Con ese antecedente en mente, cuando las primeras noticias sobre nuevos vampiros surgiendo en distintas partes del mundo, algunos teóricos, vampiros y cazadores, pensaron que la sangre de Sara-sama despertó el vampirismo en los seres humanos. En la mayoría de los casos, se ha demostrado que esas familias humanas estuvieron relacionadas con alguna de las casas antiguas por la sangre.

Hace nueve años que los dirigentes de la Asociacion de Cazadores atendieron a una emergencia que nunca había ocurrido. Un purasangre había "nacido" en un pequeño poblado, y aunque al principio se creyó que había sido obra de uno de los pocos sobrevivientes de la Depuración, comprobaron que en realidad el joven era un pariente lejano de Ouri-sama, muerto unos años antes. La noticia se extendió rápidamente, y una especie de caza inició por parte de los seres humanos hacia los vampiros. Hay que tomar en cuenta un par de cosas: cuando un vampiro crece, va aprendiendo lentamente a manejar sus habilidades. Un vampiro recién nacido, o uno joven, es tan vulnerable como peligroso, aun más si hablamos de un purasangre.

Los seres humanos descubrieron que podían sacar ventajas de la sangre de los vampiros, y eso obligó a los cazadores a tomar una nueva posición respecto a nosotros. No todos ellos saben de nuestra existencia, y una minima fracción de los que si lo hacen se dedican al contrabando de la sangre de nuestra gente. Entre mejor es la calidad, mayor es el precio. Eso ha hecho que el tráfico de niños y adolescentes se convierta en un gran problema para el Consejo y la Asociación.

A finales del mismo año en que los primeros casos surgieron, Yuuki-sama y Yagari-dono se reunieron para negociar un acuerdo que regulara la convivencia de las tres especies. Uno de los puntos clave radica en que la Academia Cross volvería a ser un territorio neutral, custodiado por sus residentes.

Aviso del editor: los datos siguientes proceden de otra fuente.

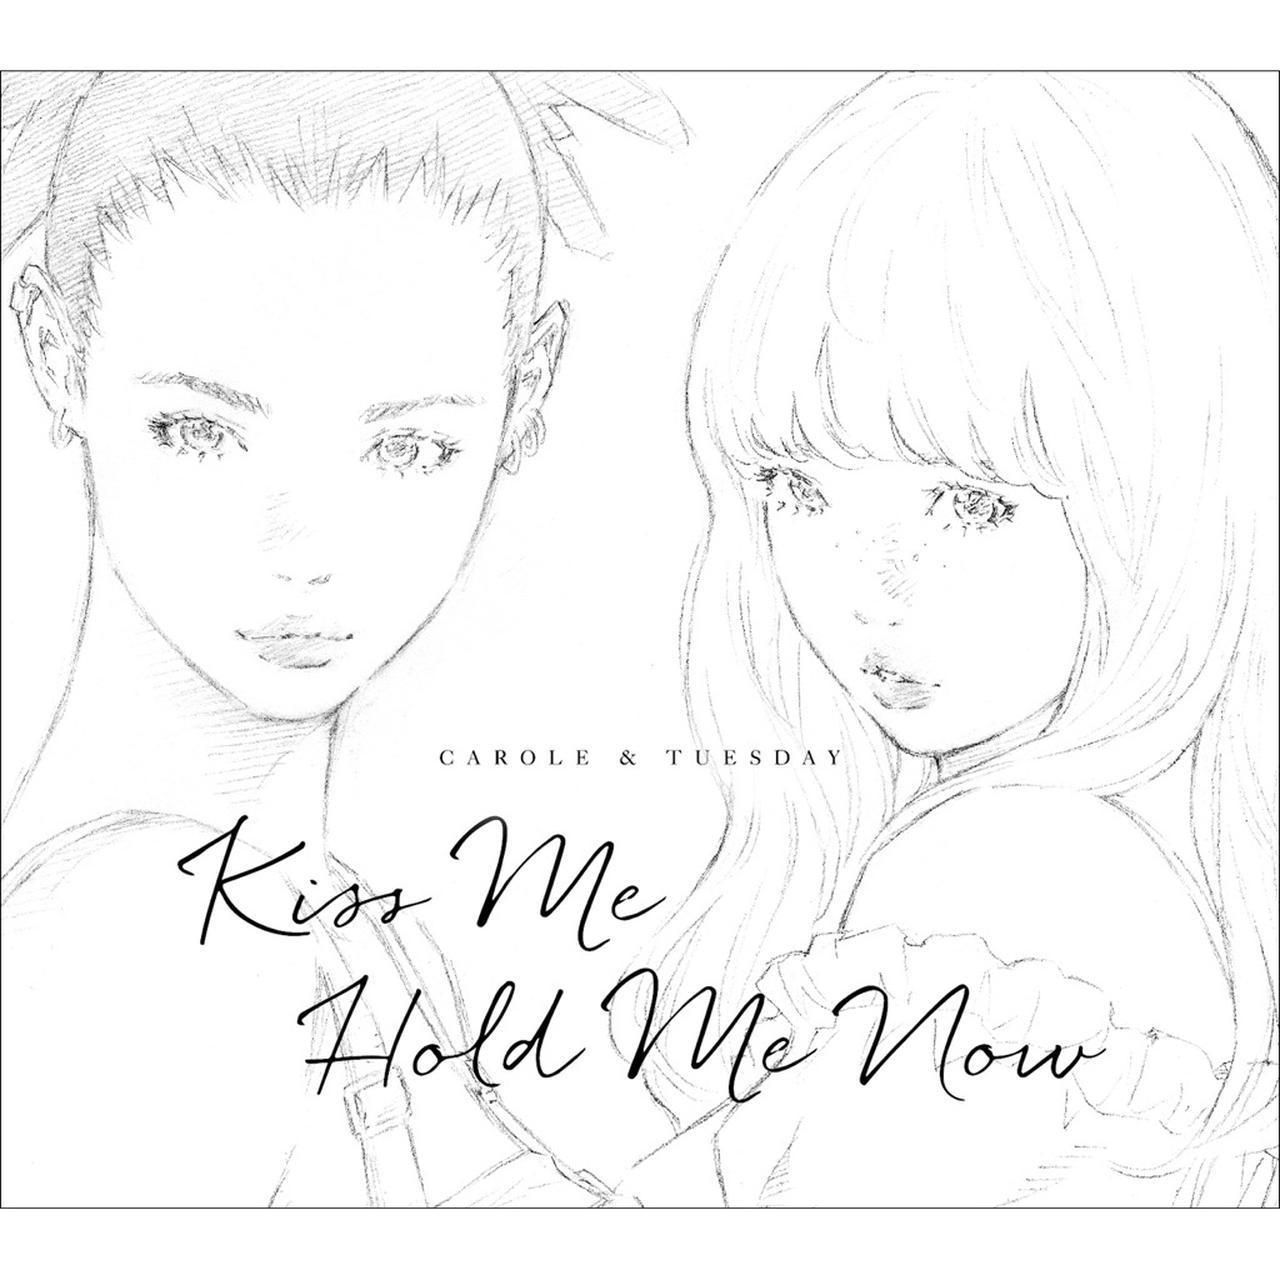 画像: Kiss Me/Hold Me Now / キャロル&チューズデイ(Vo.Nai Br.XX&Celeina Ann)

Los cazadores no solo exterminan a los niveles E que los inexpertos purasangres han creado, también rastrean a los últimos para entregarlos a las familias de las que descienden.

Sin embargo, aquellos pura sangre que representan un peligro para los demás y para si mismos son el objetivo principal de los cazadores. Por ello, es que ustedes están aquí.»

Aidou detuvo su cátedra a la vez que los más jóvenes los seguían por los pasillos de la Academia. Se acomodó la corbata roja del uniforme de la clase nocturna, y se detuvo en al llegar al jardín. Se reunió con sus compañeros, muchos de ellos eran miembros de la antigua clase nocturna, la original. Ellos eran pertenecientes a los grados superiores, y se encargaban de recibir y enseñar a los jóvenes vampiros. De los pura sangre que sobrevivían a la caza de los humanos, al menos la mitad se quedaba en la Academia.

Por eso, deben recordar una cosa: ustedes están aquí para aprender. Son libres de irse de la Academia cuando quieran, pero afuera nosotros no podemos asegurar su bienestar. Los cazadores respetan el acuerdo dentro de nuestro territorio, pero afuera no solo deben cuidarse de ellos. — les recordó al mismo tiempo que asentían y se integraban con sus congéneres. — Yuuki-sama. Ellos están listos.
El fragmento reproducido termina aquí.